To do: Copy out each line of the listing below that contains the word "Nasdaq".

Input material:

——

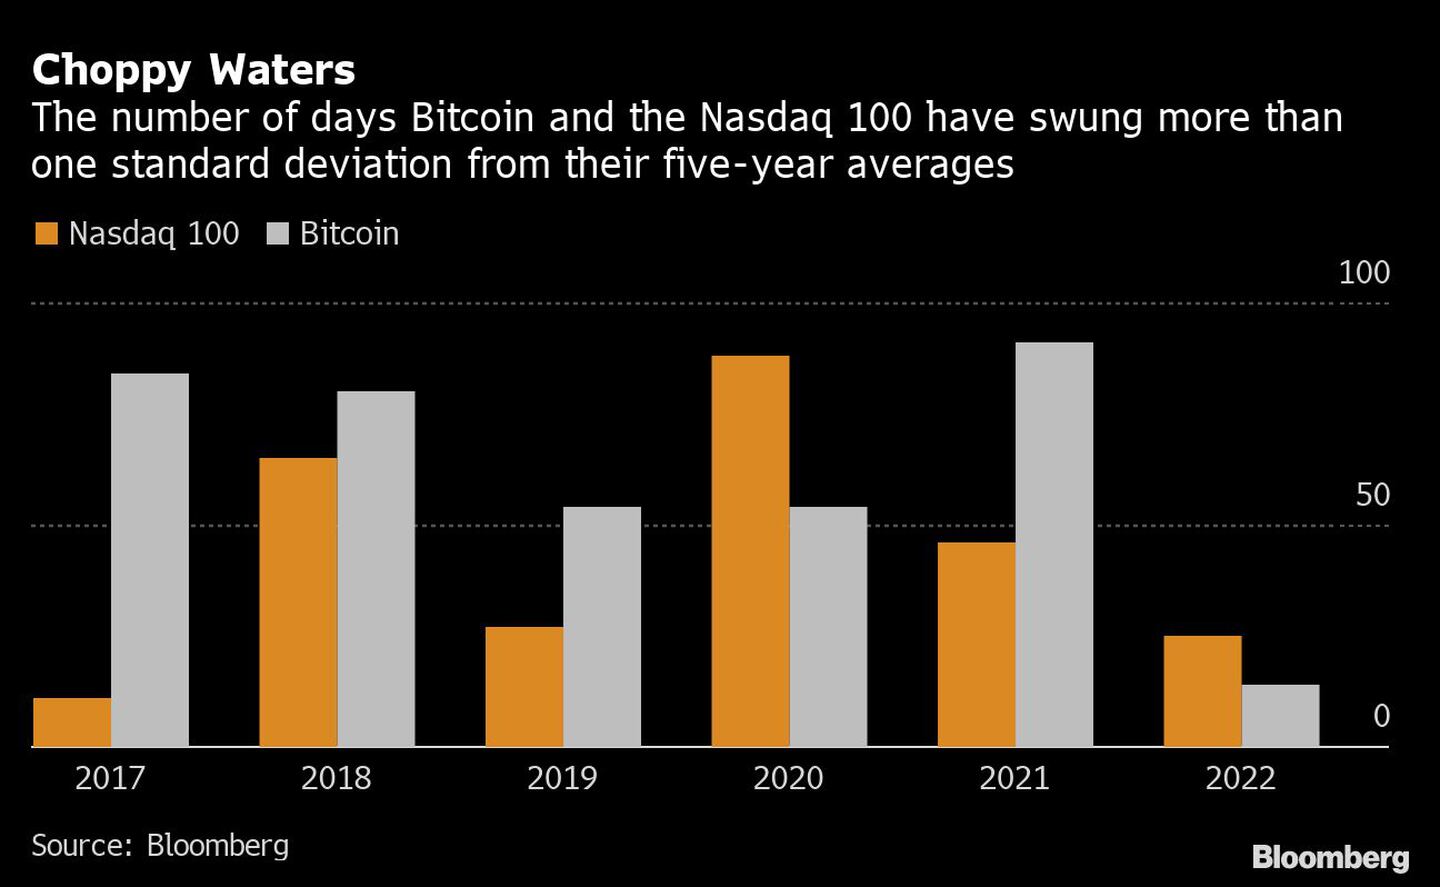 Aguas agitadas
Número de días en los que el bitcoin y el Nasdaq 100 han oscilado más de una desviación estándar de sus medias de cinco años
Naranja: Nasdaq 100 
Blanco: bitcoindfd
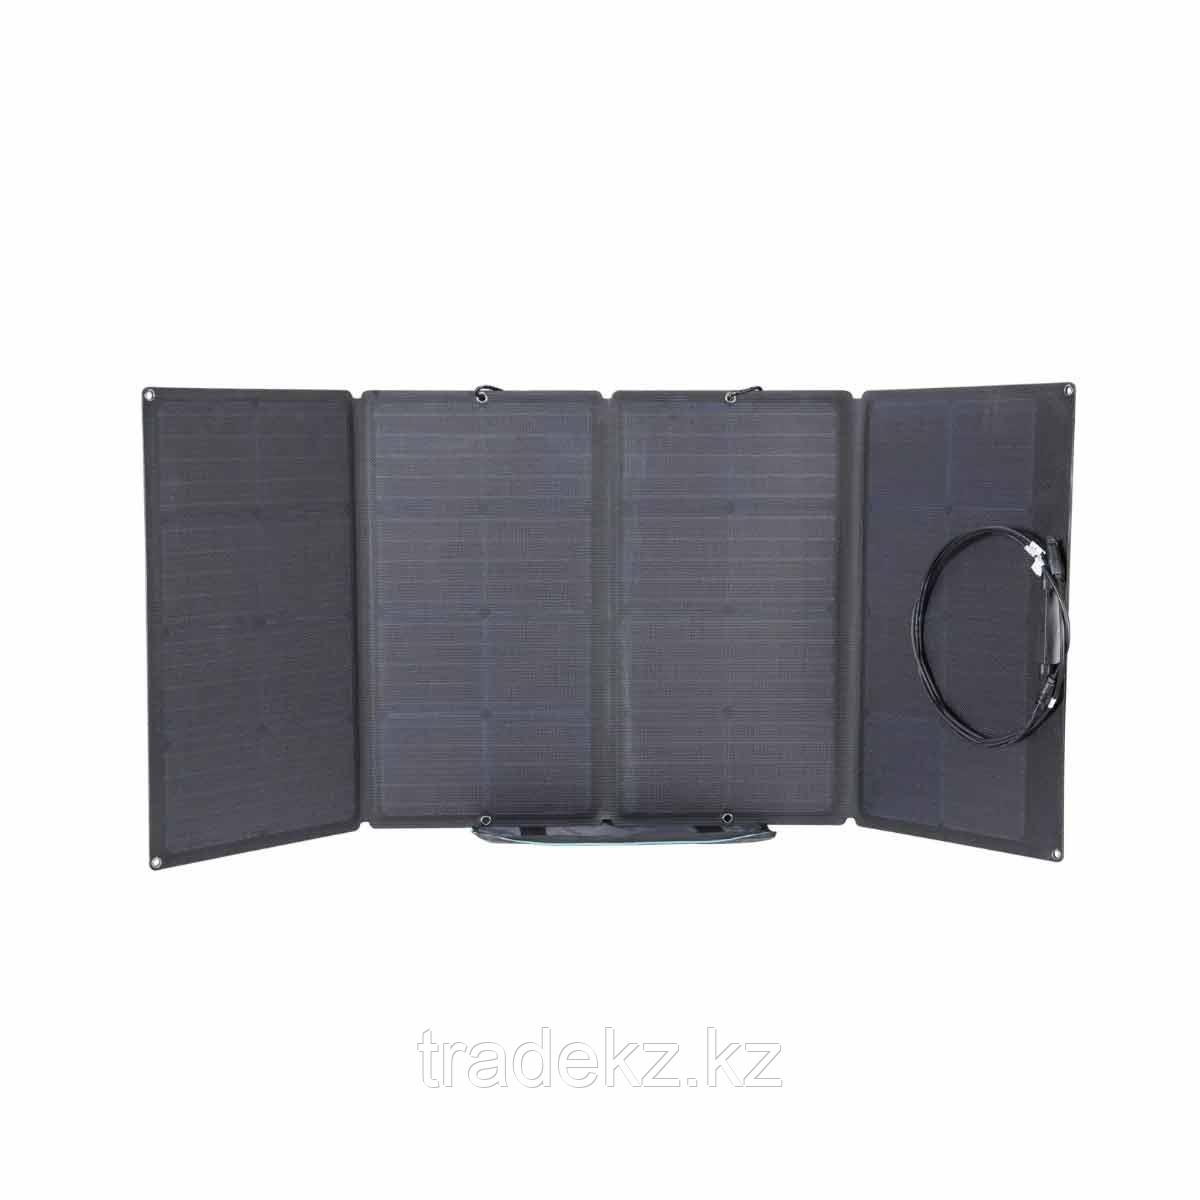 Солнечная панель EcoFlow Solar Panel Charger 160 Вт

——

Output for this task:
Número de días en los que el bitcoin y el Nasdaq 100 han oscilado más de una desviación estándar de sus medias de cinco años
Naranja: Nasdaq 100 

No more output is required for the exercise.